Data below:
***
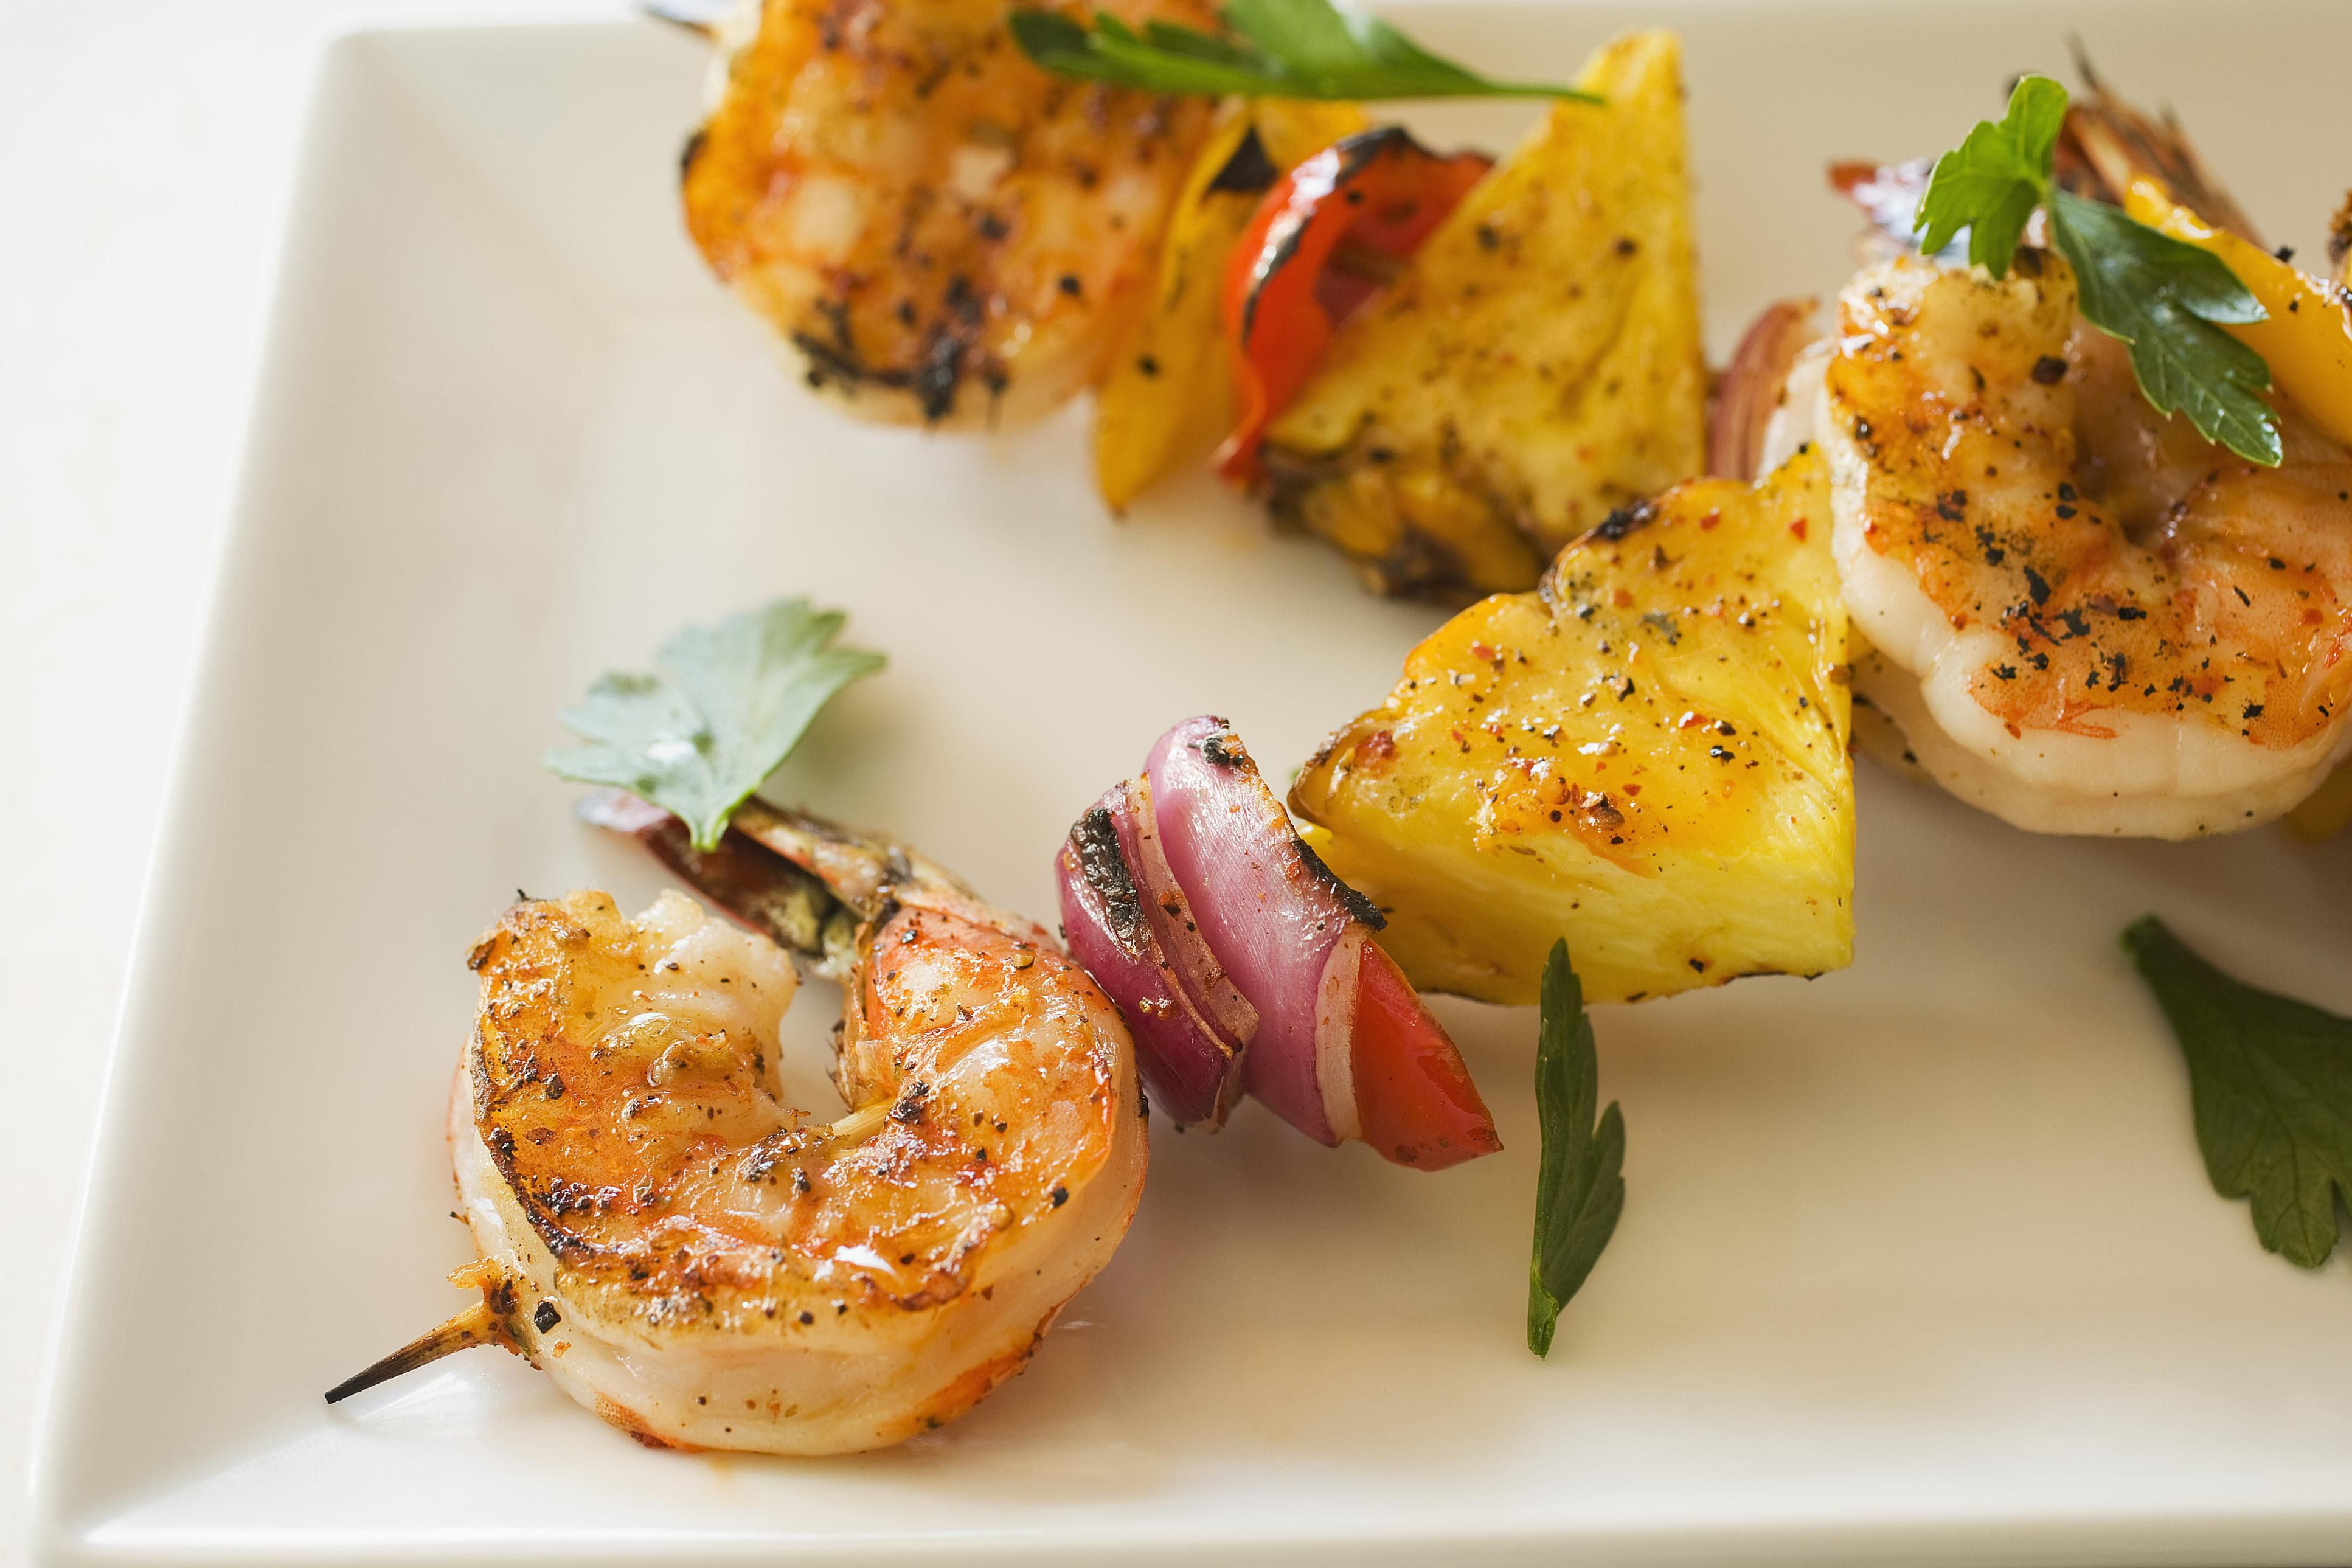 Pineapple-Chili Shrimp Kebabs
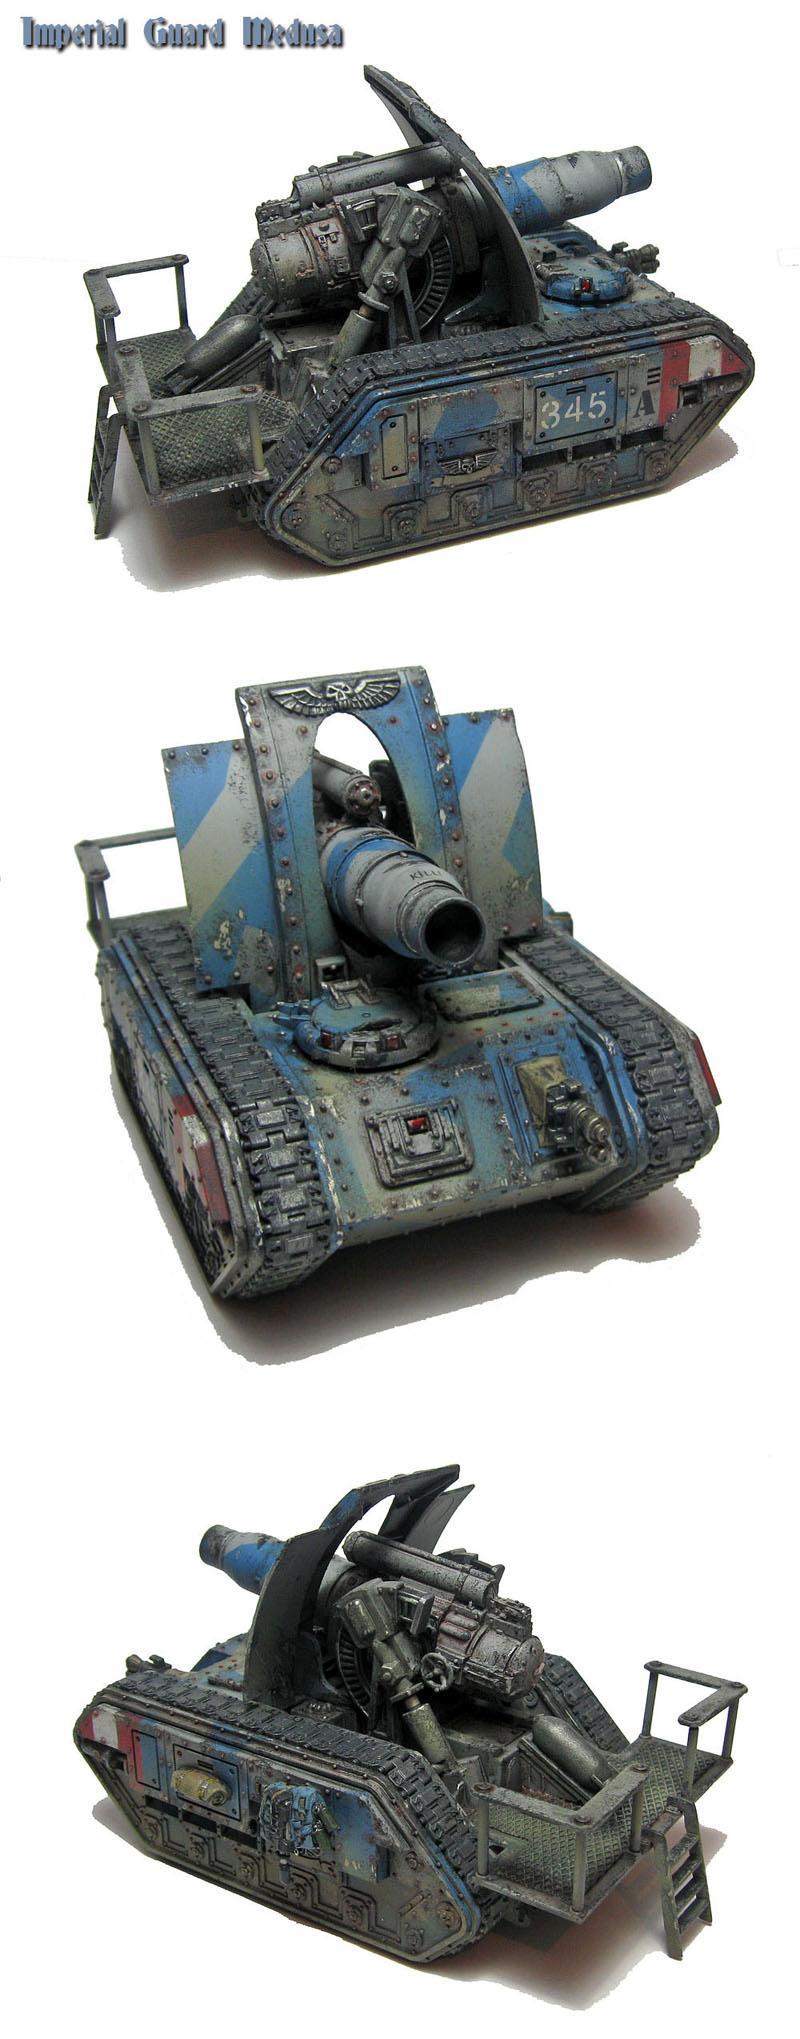 Artillery, Forge World, Imperial Guard, Medusa
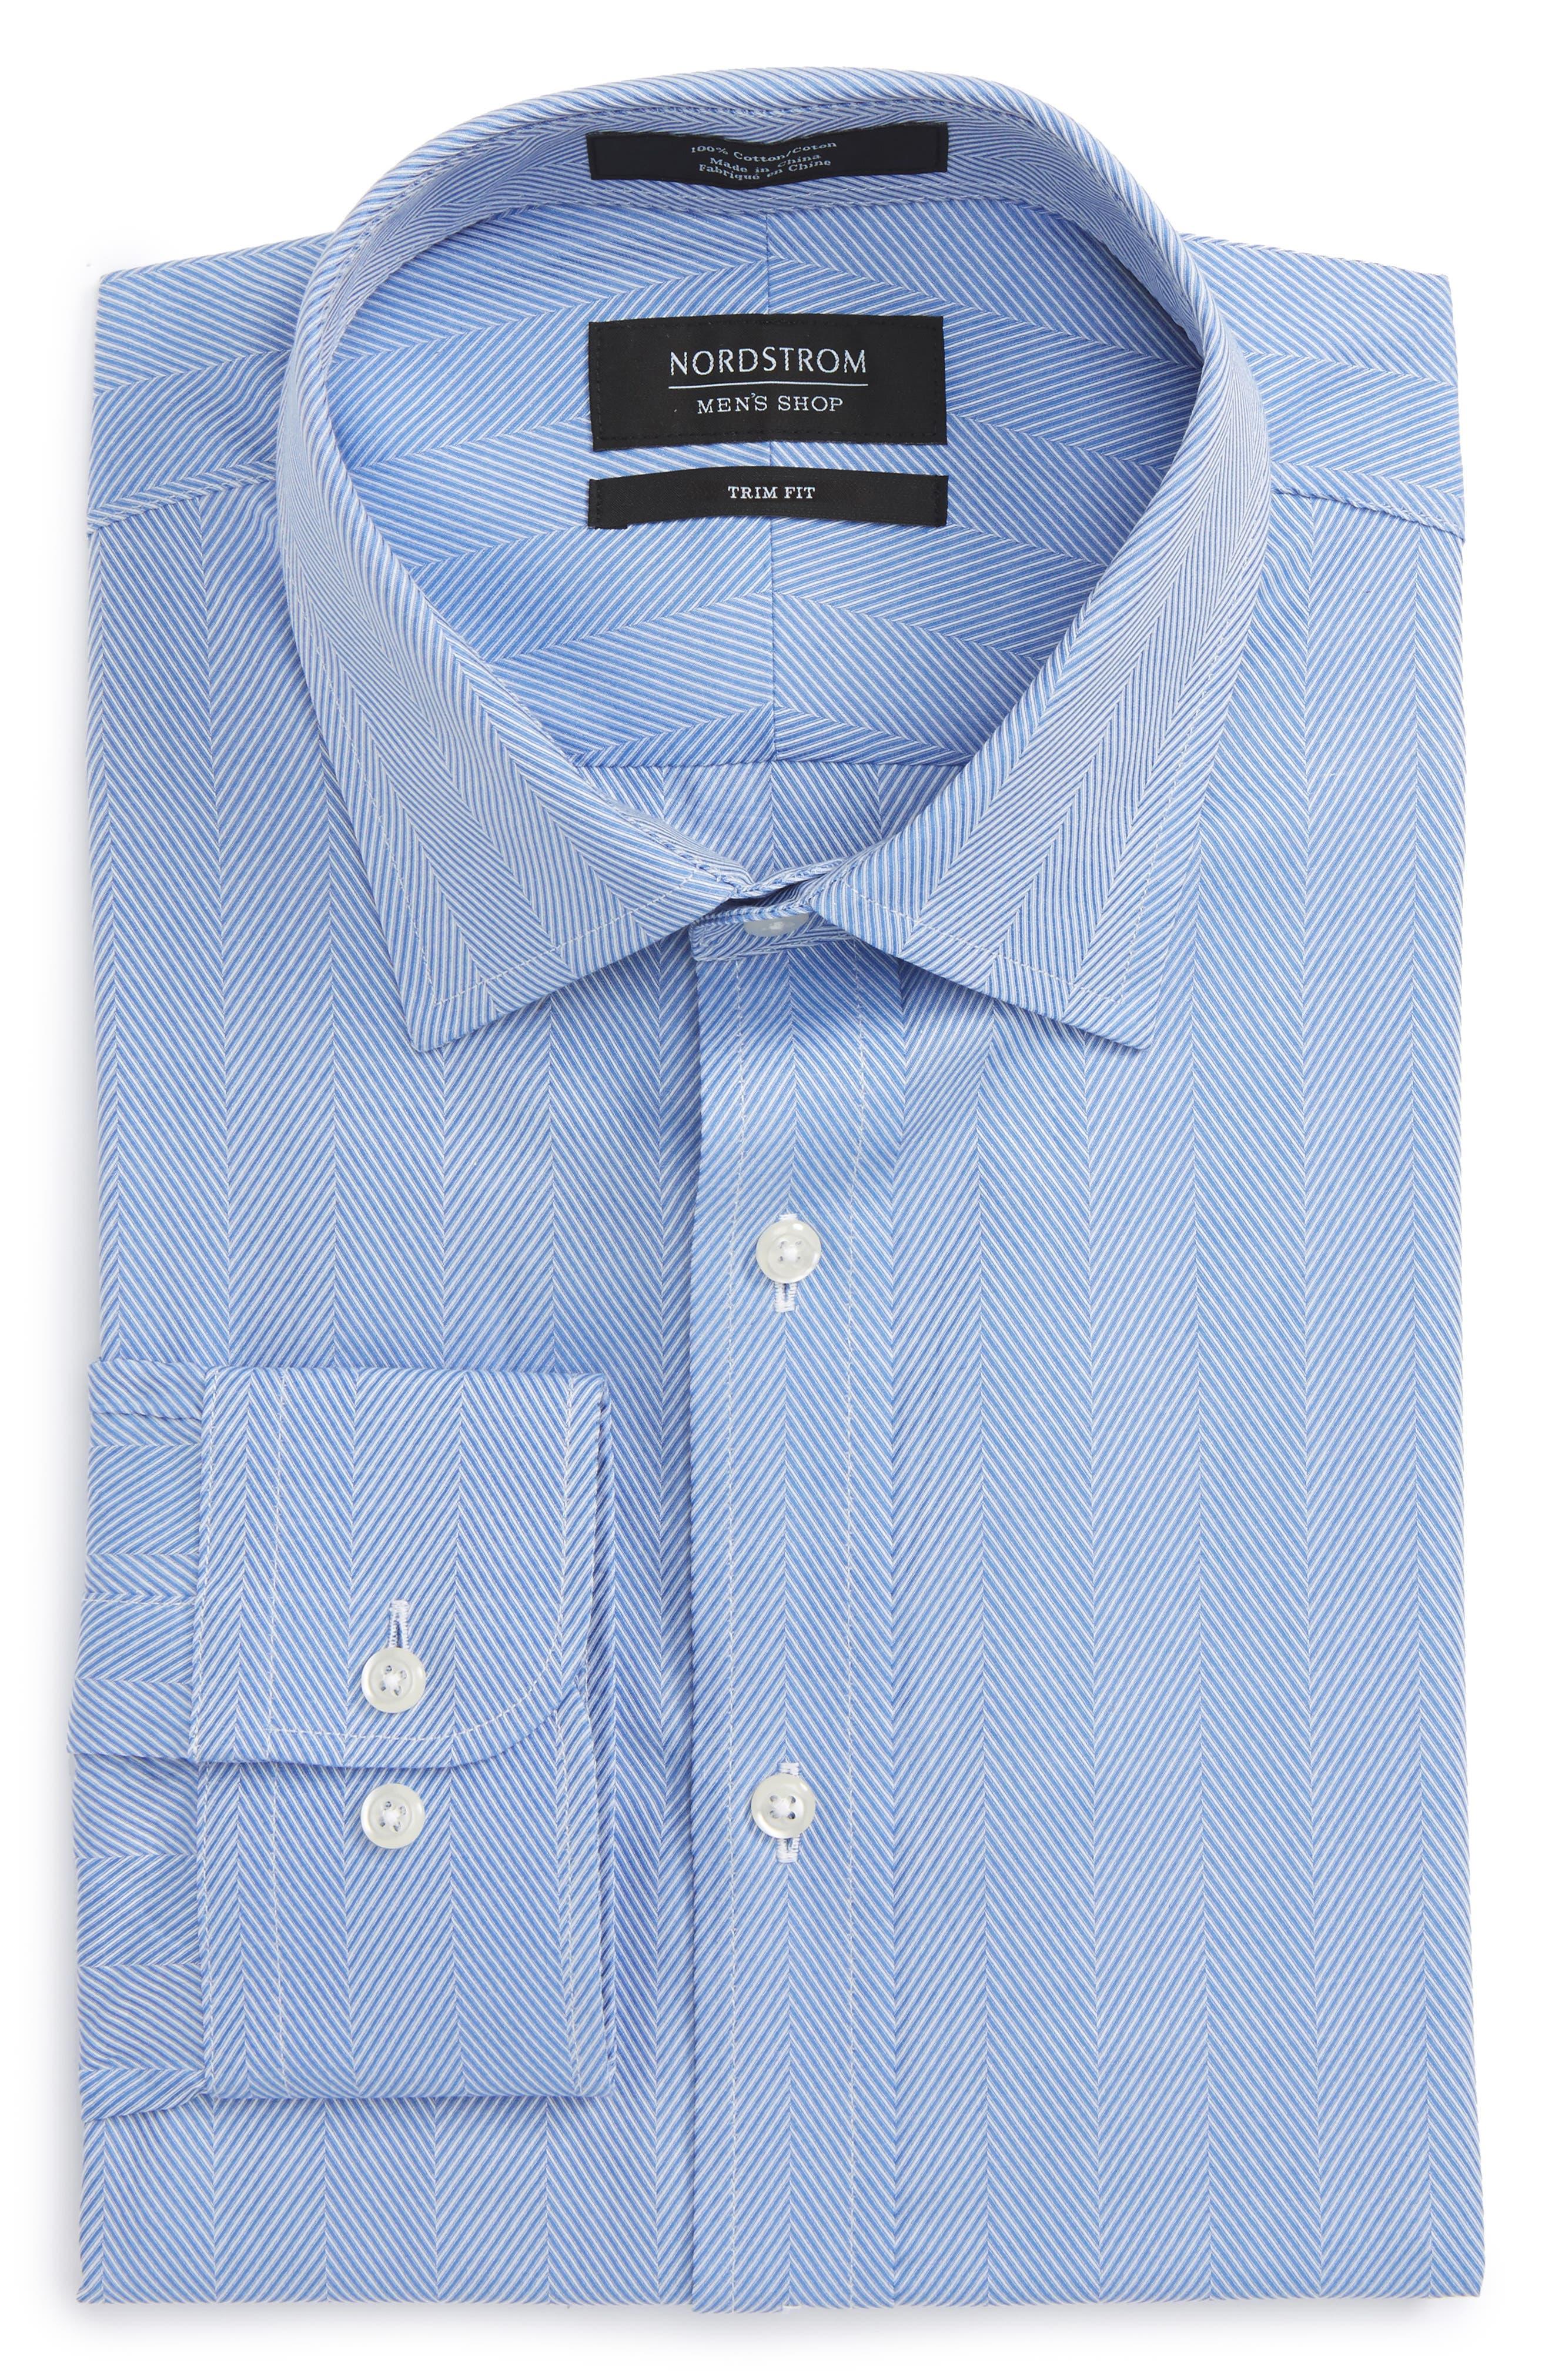 Nordstrom Men's Shop Trim Fit Herringbone Dress Shirt
***
About this task: Down to the final line, restate the material above word for word, but omit its pictures.

Response box:
 Pineapple-Chili Shrimp Kebabs
 Artillery, Forge World, Imperial Guard, Medusa
 Nordstrom Men's Shop Trim Fit Herringbone Dress Shirt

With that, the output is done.